La Commission Finances, économie, plan et promotion du secteur privé de l’Assemblée nationale a mené du 11 au 18 septembre des écoutes auprès des différents acteurs concernés par ce dispositif, départements ministériels, secteur privé, mais aussi représentants des consommateurs, avant de passer au vote de la loi portant création du Fonds. Elle a décidé, selon l’Honorable Mody Ndiaye, qui en est membre, de repousser de quelques semaines l’émission de son avis sur le projet de loi, « pour étudier la documentation qui lui est liée, pour avoir tous les paramètres en main ». Il s’agit notamment de la Stratégie spécifique de développement des régions du nord, entres autres. En attendant, du côté du secteur privé, on estime que la nouvelle taxe, qui devrait être de l’ordre de 0,5% du chiffre d’affaires de l’entreprise, est « une épine supplémentaire dans le pied des entrepreneurs, dans un contexte déjà difficile », explique l’un d’entre eux. « Nous avons entendu le secteur privé, qui nous a dit qu’il était d’accord avec ce texte et qu’il avait déjà donné son OK au gouvernement », poursuit le député, qui estime qu’après avoir terminé son examen « avec tous les paramètres », la Commission rendra public son avis. « Pour le moment, nous n’en sommes pas là », conclut le député.« Pour la contribution générale de solidarité, le Patronat malien a été consulté et il a donné son accord », explique au ministère de l’Économie une source proche du dossier.

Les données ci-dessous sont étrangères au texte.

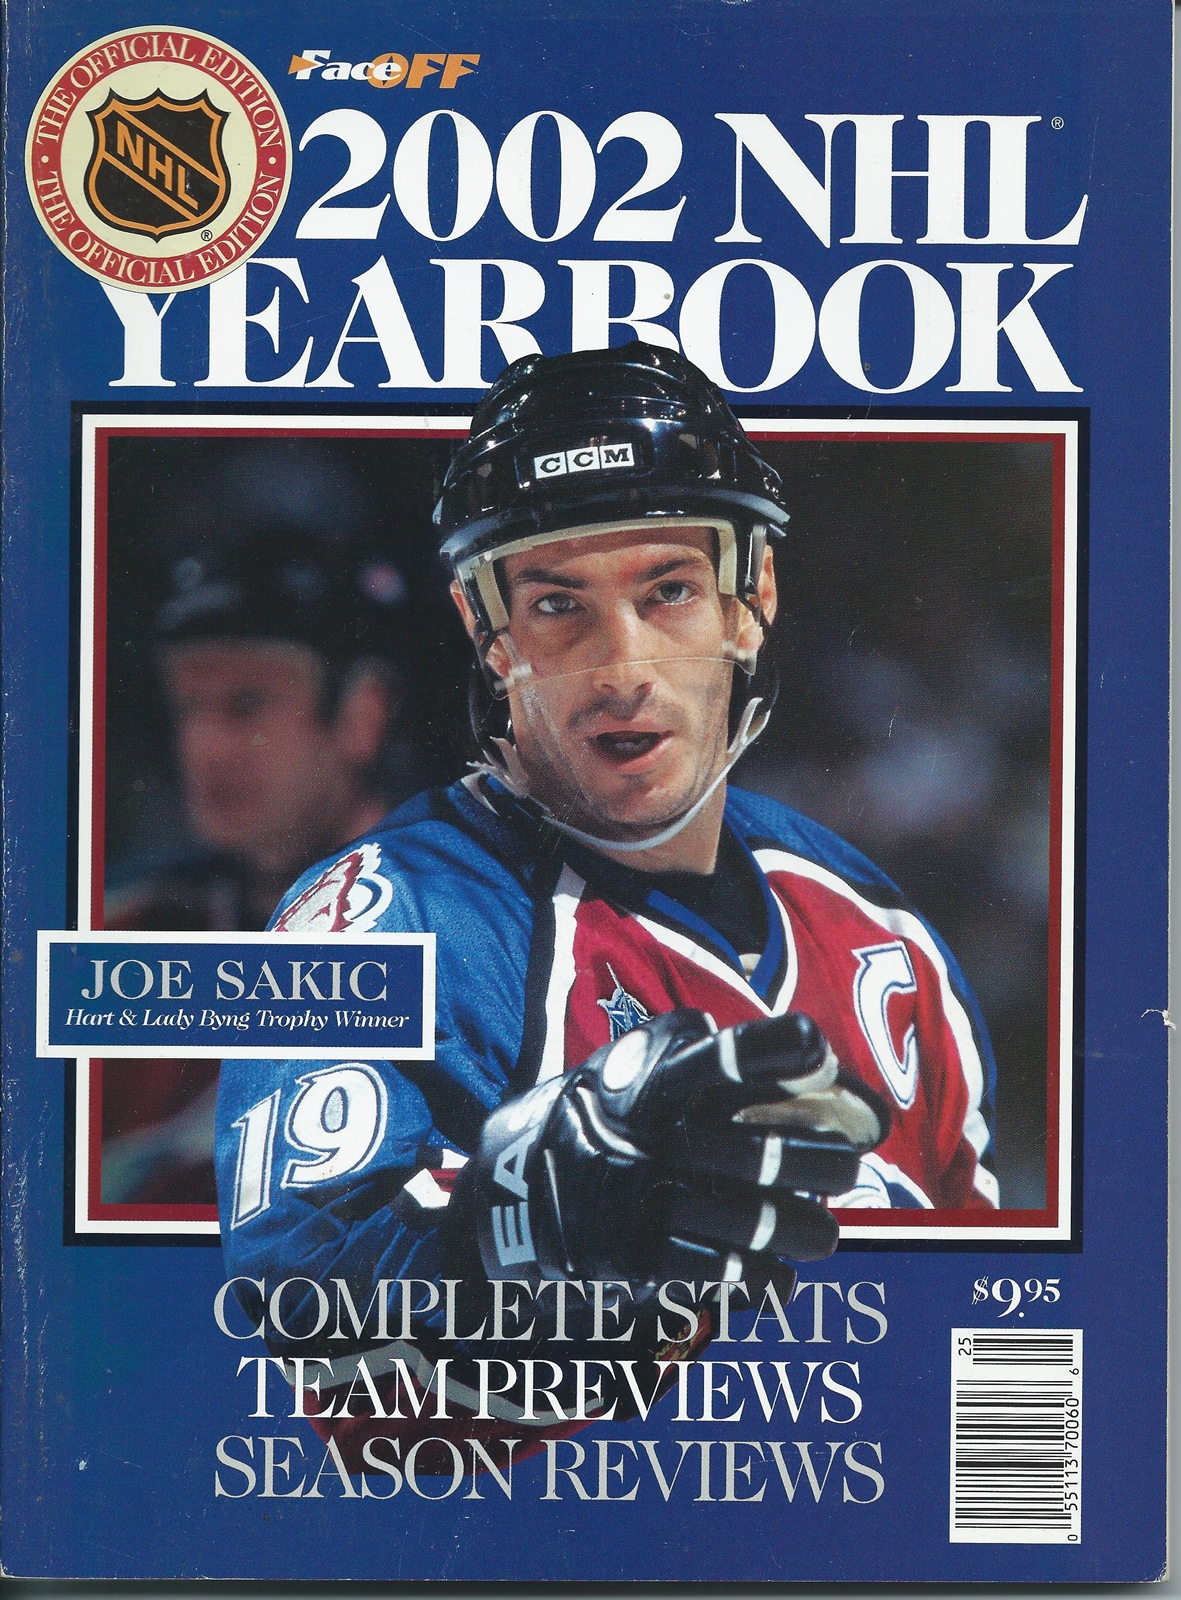 Joe Sakic - The Hockey Writers
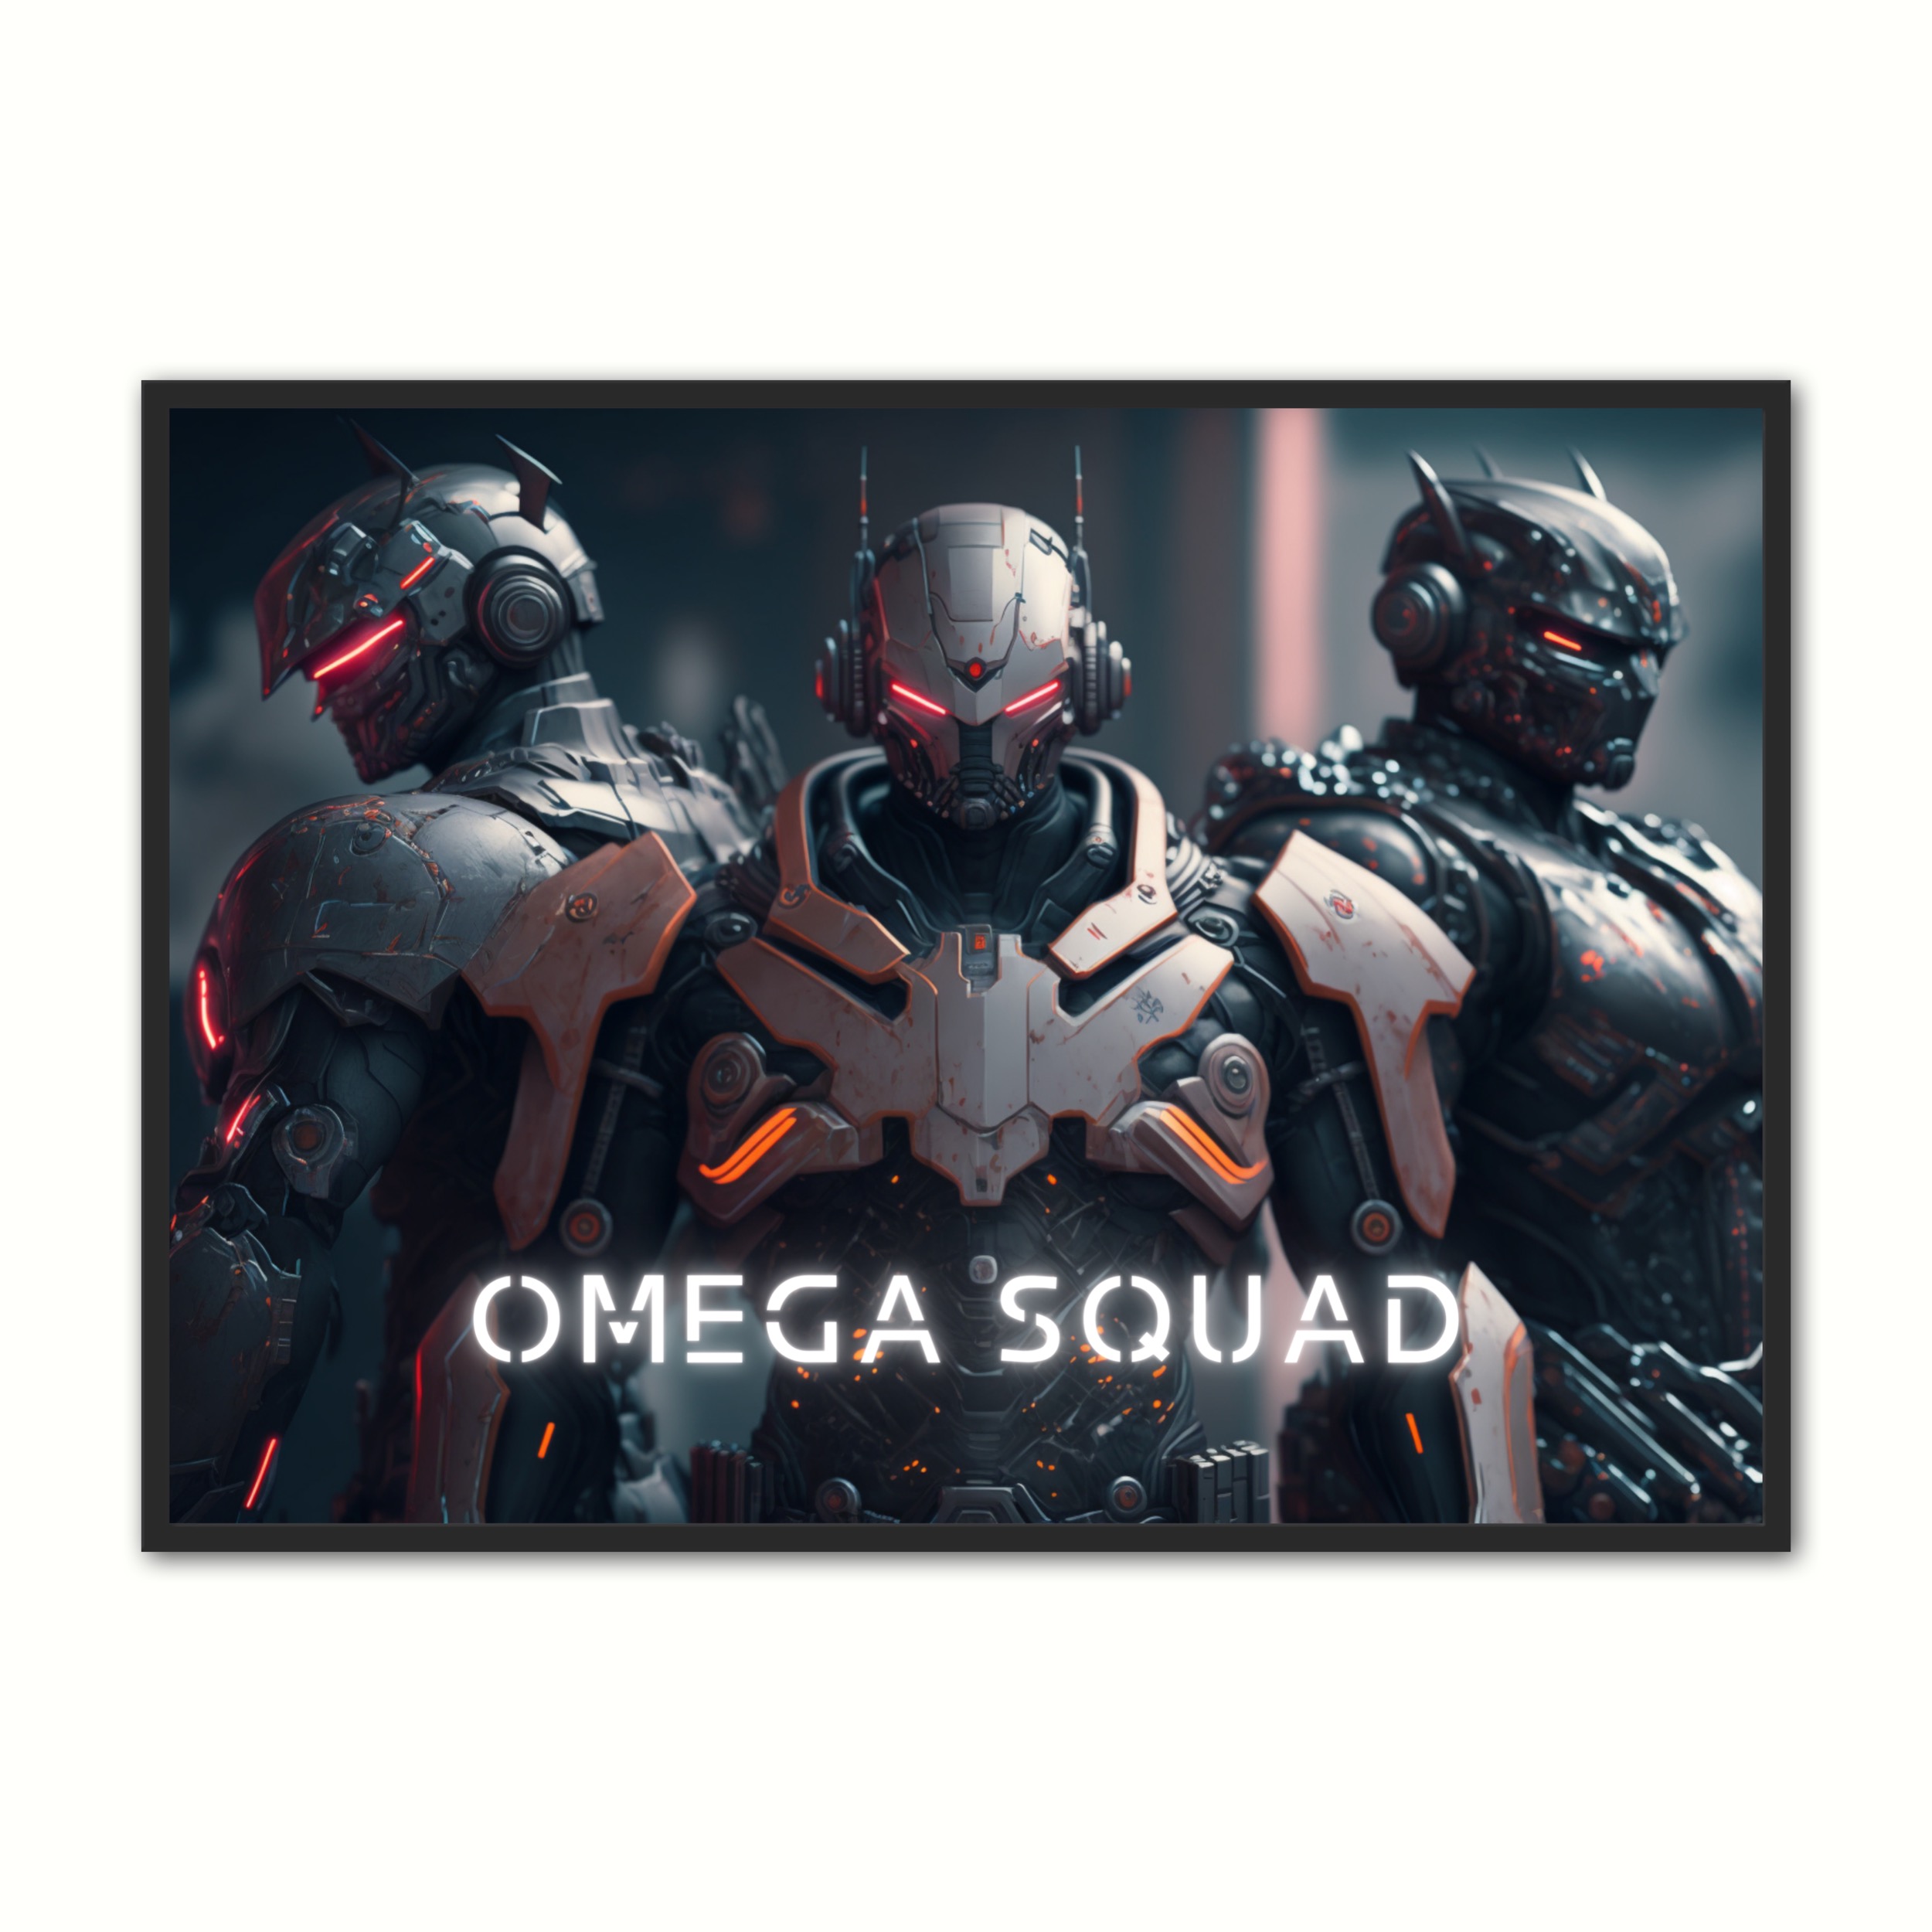 Se Plakat med Omega Squad - Android 21 x 29,7 cm (A4) hos Nyplakat.dk

Confirmation donnée par le Secrétaire général du Conseil National du Patronat du Mali. « Nous avons discuté avec le gouvernement, qui au départ prévoyait 1%. C’est descendu à 0.5% et le bureau l’a adopté. Pour les industries du tabac, par exemple, la question reste sur la table, mais l’État estime qu’au Mali les taxes étant moins élevées qu’ailleurs dans la sous-région, on peut demander un effort. C’était 17 impôts et taxes au départ et nous avons négocié jusqu’à n’en avoir plus que 5 ou 6 », poursuit M. Tolo.

La taxe de 0,5% du chiffre d’affaires verra donc certainement le jour dans les semaines à venir. « Il paraitrait que cette taxe de 0,5% de notre CA sera déductible de nos impôts de fin d’année. Cela reviendrait à faire une avance de trésorerie, une sorte d’ADIT (Acompte sur divers impôts et taxes), comme par le passé » conclut le patron de l’OPI, qui estime « qu’État et secteur privé sont pour une fois une seule partie dans cet emprunt important. Le secteur privé devrait avoir un droit de regard sur l’usage de ce fonds ».